The Renaissance Project

4 May 2015
David McCarthy
The period from the 14th-17th Century in Europe, known as the Renaissance, is represented in this exhibit by a variety of student works coming from both art studios and math classrooms. Inspired by the archetypal Renaissance thinker, Leonardo Da Vinci, students have learned to observe natural forms, divining patterns and ultimately principles from how things look and behave. Intense curiosity and a creative spirit characterized the artists and scholars of the age. By transcending subject barriers and infusing the artistic process into the solving of problems, students have stretched both their imaginations and their logical faculties. Designing a “Da Vinci” style parachute that would bring an egg safely to ground when launched from 20 feet was one of the challenges in which some Grade 9 students were engaged. They produced a variety of innovative solutions, tested them, and used video technology to derive the mathematics behind their fall.

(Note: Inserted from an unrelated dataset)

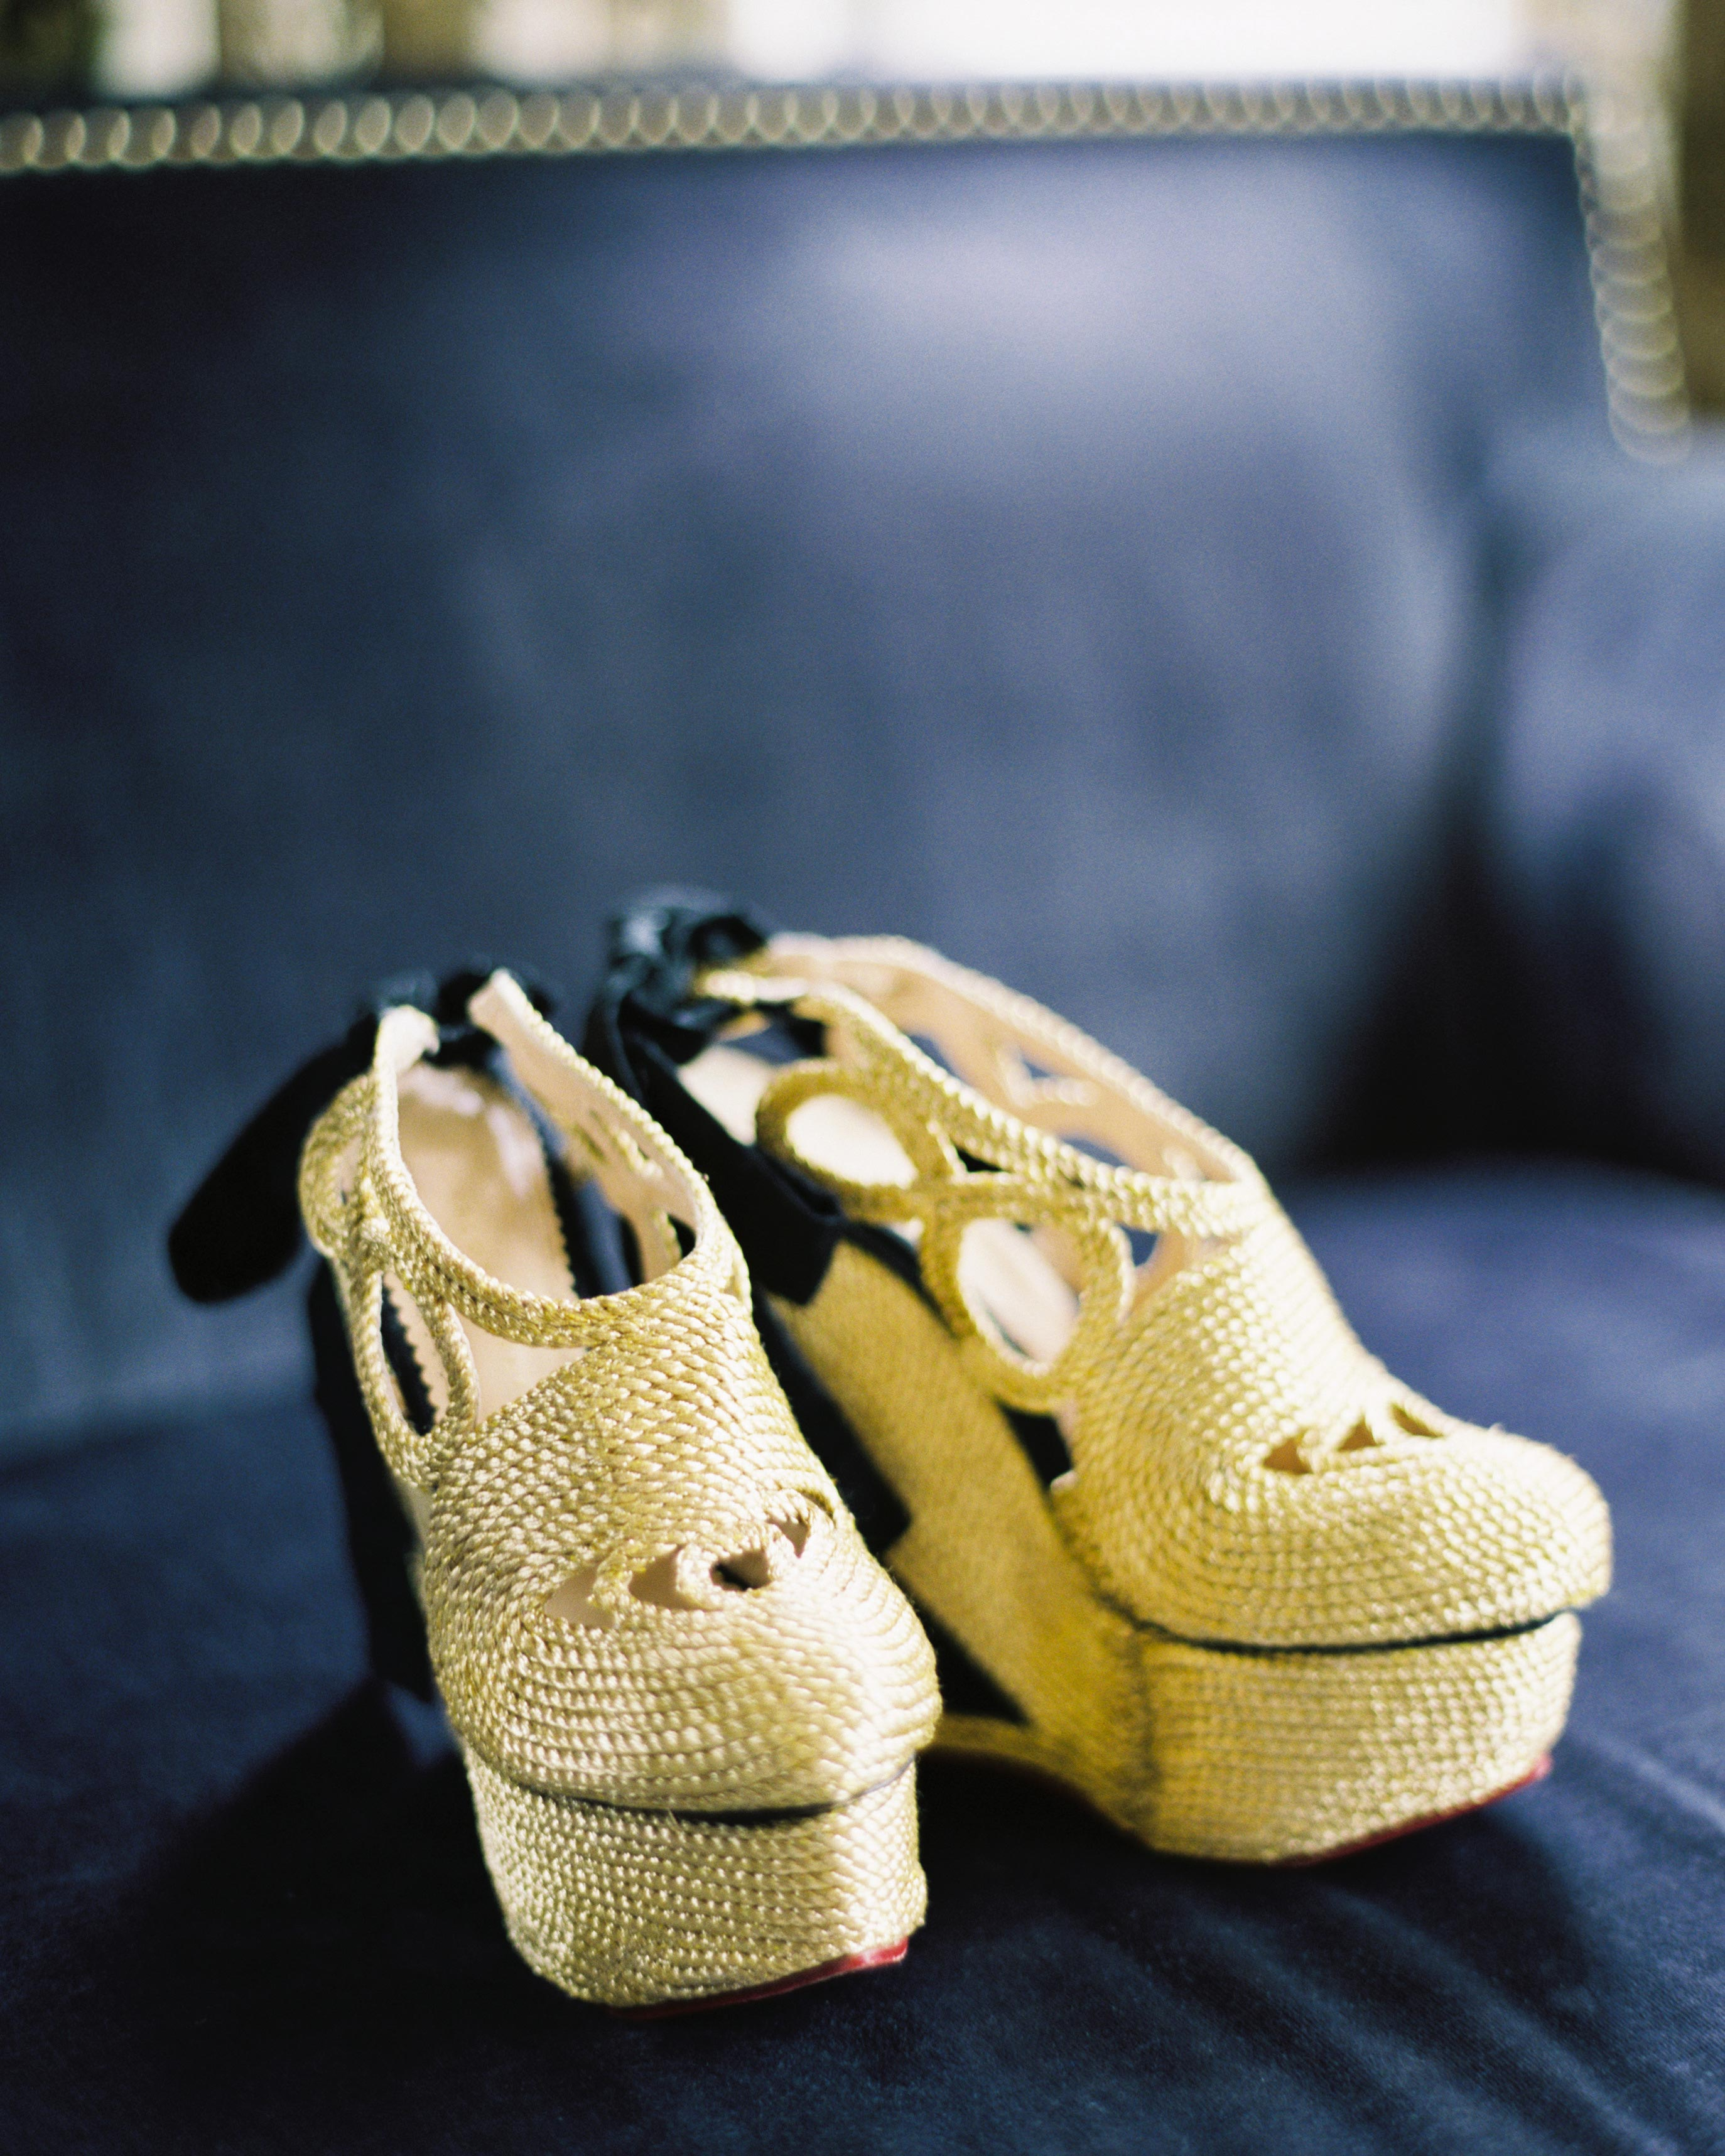 ginny-andrew-wedding-shoes-0059-s112676-0216.jpg

Some students studied other Leonardo inventions and came up with their own versions of these devices. Artwork ranged from creating decorative masks from the period to recreations of famous works such as the Mona Lisa, anatomical sketches and geometric figures. Realising that patterns and principles exist behind everyday objects and events, that beauty is inherent in symmetry and perspective and that we have the ability to look “beneath the surface” of things, is perhaps the essence of this experience. Leonardo, prodigious in all of these respects, helped to signpost the way towards the “art” of thinking. 2D Art teacher, Soleil Mannion, and 3D instructor, David Hunwick, collaborated with  academic instructors and facilitated students from numerous courses and grades to develop this project.